Workflow 3: Direct Optimization¶
This is the most sophisticated workflow. It formulates the entire selection problem as a single, large-scale mathematical optimization problem and uses a dedicated solver to find the globally optimal solution.
- Status: Not yet implemented in the current software.
- Examples: Mixed-Integer Linear Programming (MILP) to select periods that best reconstruct an annual duration curve.
- How the Modules are Used:
- SearchAlgorithm (A): Its main job is to act as a bridge to a mathematical programming solver (e.g., Gurobi, HiGHS). It translates the user's problem into the strict mathematical language of the solver.
- ObjectiveSet (O): Its concepts (e.g., "minimize NRMSE") are translated into the formal mathematical objective function of the optimization model. It is deeply embedded within the SearchAlgorithm's formulation.
- SelectionPolicy (Pi): Bypassed entirely. The solver's goal is to find the single optimal solution that minimizes the mathematical objective. The decision is inherent in the optimization process.
- Summary: The problem is handed off to a powerful external solver. The main work is in the formulation of the problem within the SearchAlgorithm module.
Key Modules:
| Role | Implementation | Status |
|---|---|---|
| Search | MILP-based SearchAlgorithm |
Planned |
| Protocol | SearchAlgorithm (structural typing) |
energy_repset.search_algorithms |
| Solver | External (Gurobi, HiGHS, etc.) | N/A |
Planned algorithms: MILP-based duration curve reconstruction, MILP with temporal coupling constraints.
The Workflow Dataclass¶
All three workflow types share the same assembly pattern. The Workflow dataclass bundles the three runtime components -- a FeatureEngineer, a SearchAlgorithm, and a RepresentationModel -- into a single object that RepSetExperiment can execute:
import energy_repset as rep
workflow = rep.Workflow(
feature_engineer=feature_engineer, # F: transforms raw data into features
search_algorithm=search_algorithm, # A: finds optimal selection (uses O internally)

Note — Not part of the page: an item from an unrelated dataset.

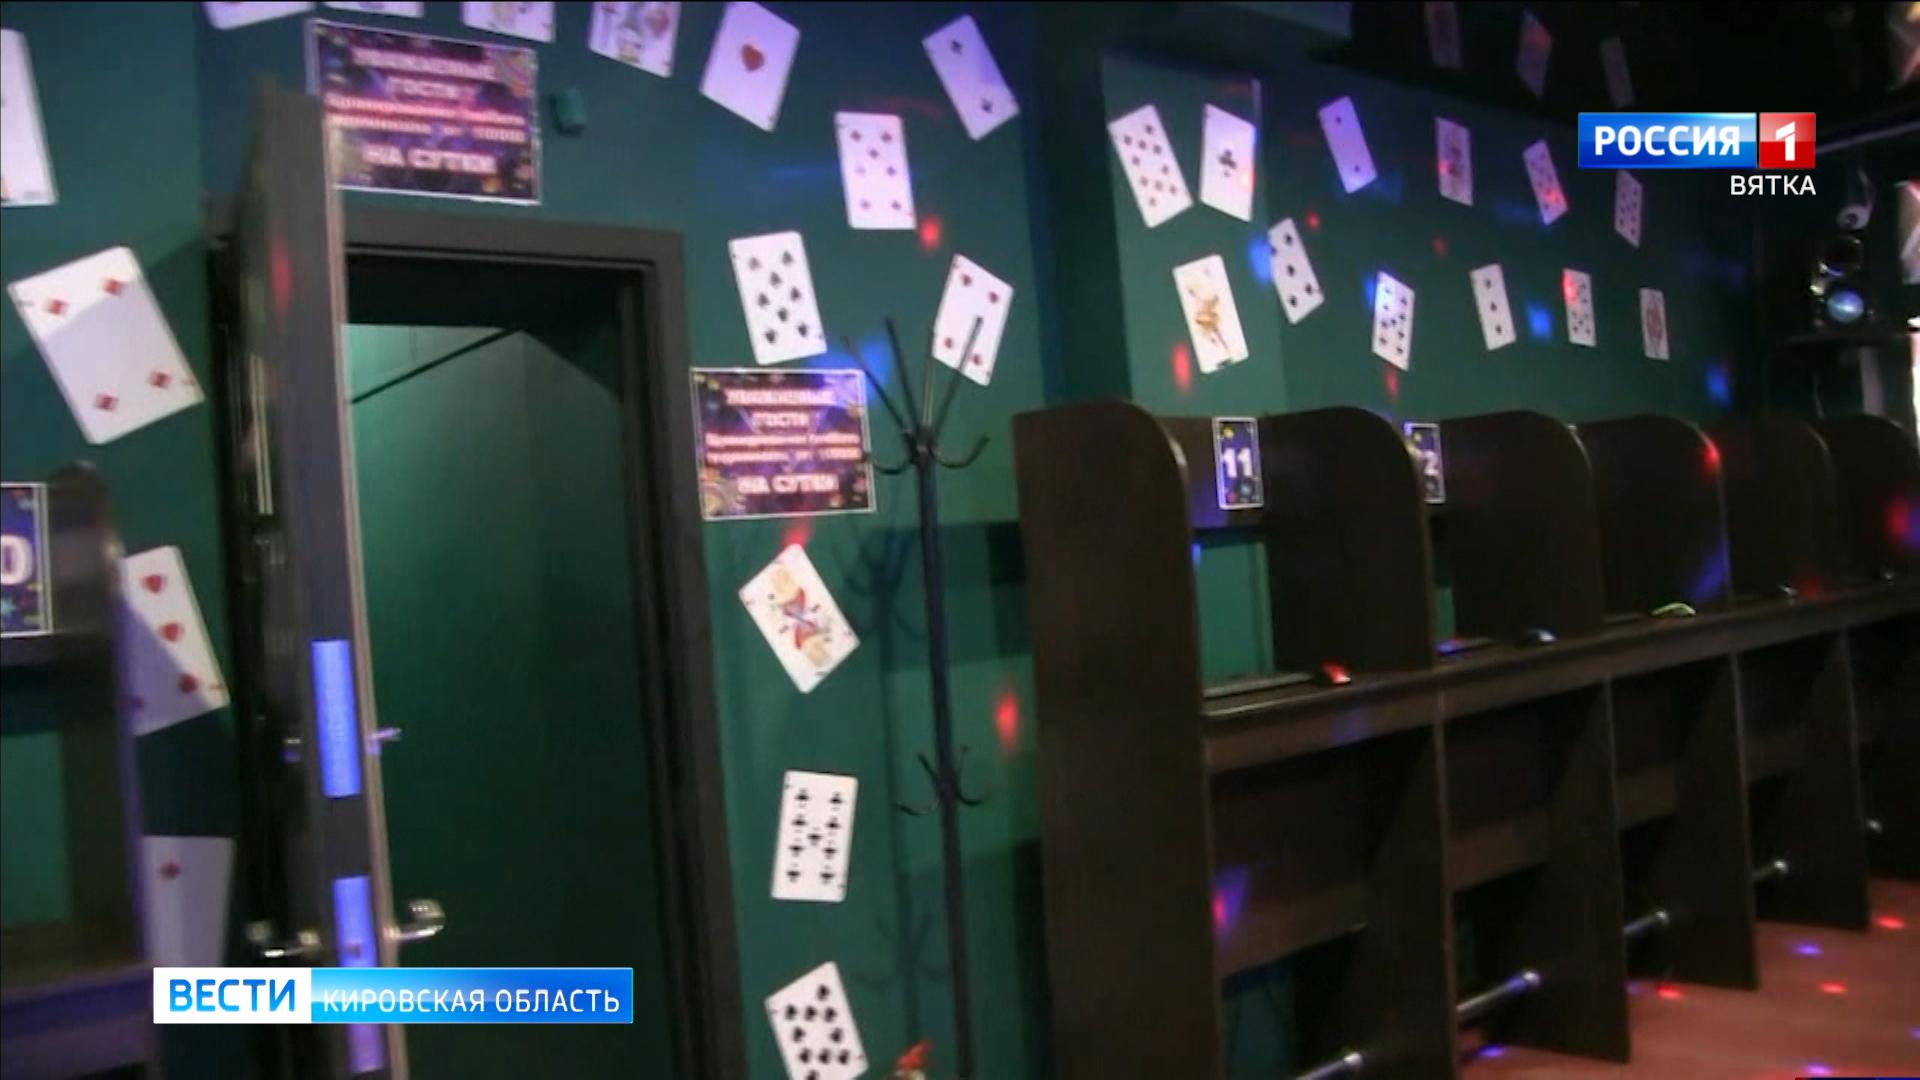 В Кирове полицейские пресекли деятельность еще одного незаконного игрового клуба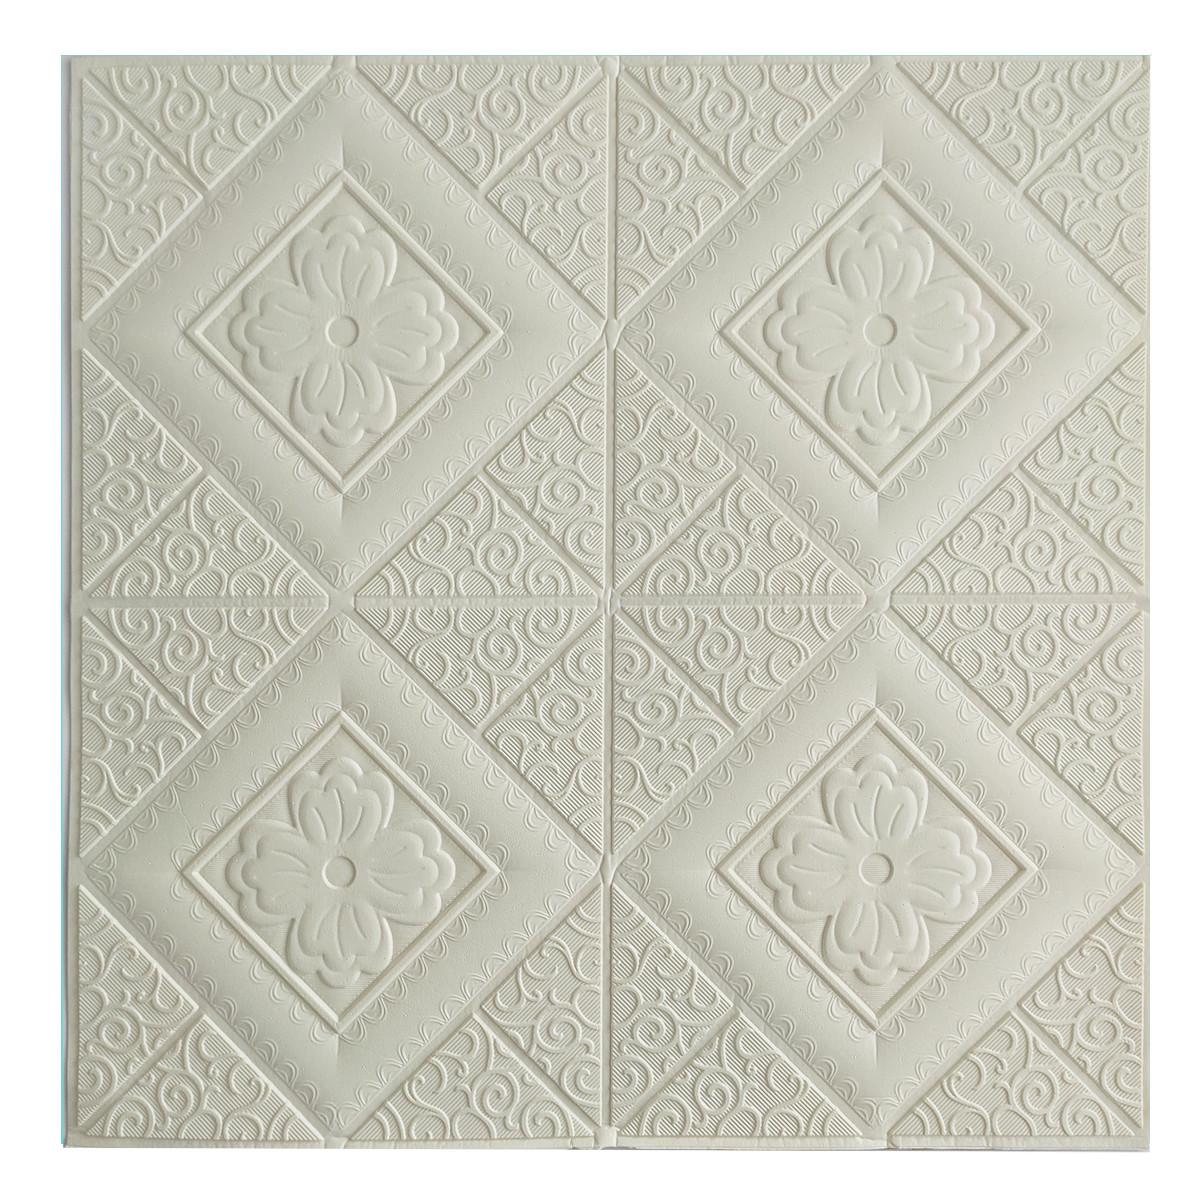 Потолочная панель ПВХ Узорные Ромбы (3Д панели мягкая для потолка потолочная плитка квадраты) 700*700*5 мм

representation_model=representation_model, # R: calculates weights
)
experiment = rep.RepSetExperiment(context, workflow)
result = experiment.run()
The Workflow is intentionally thin: it holds references to components, not logic. The orchestration logic lives in RepSetExperiment.run(), which calls the components in sequence. This keeps each component independently testable and swappable.
Practical note on features. Feature normalization and variable weighting are handled within the FeatureEngineer component (F). The choice of F determines what distances and similarities mean for the downstream search: two periods that appear similar under one feature space may look very different under another. See the Configuration Advisor for guidance on normalization and weighting.
For the full component catalog, see Modules & Components.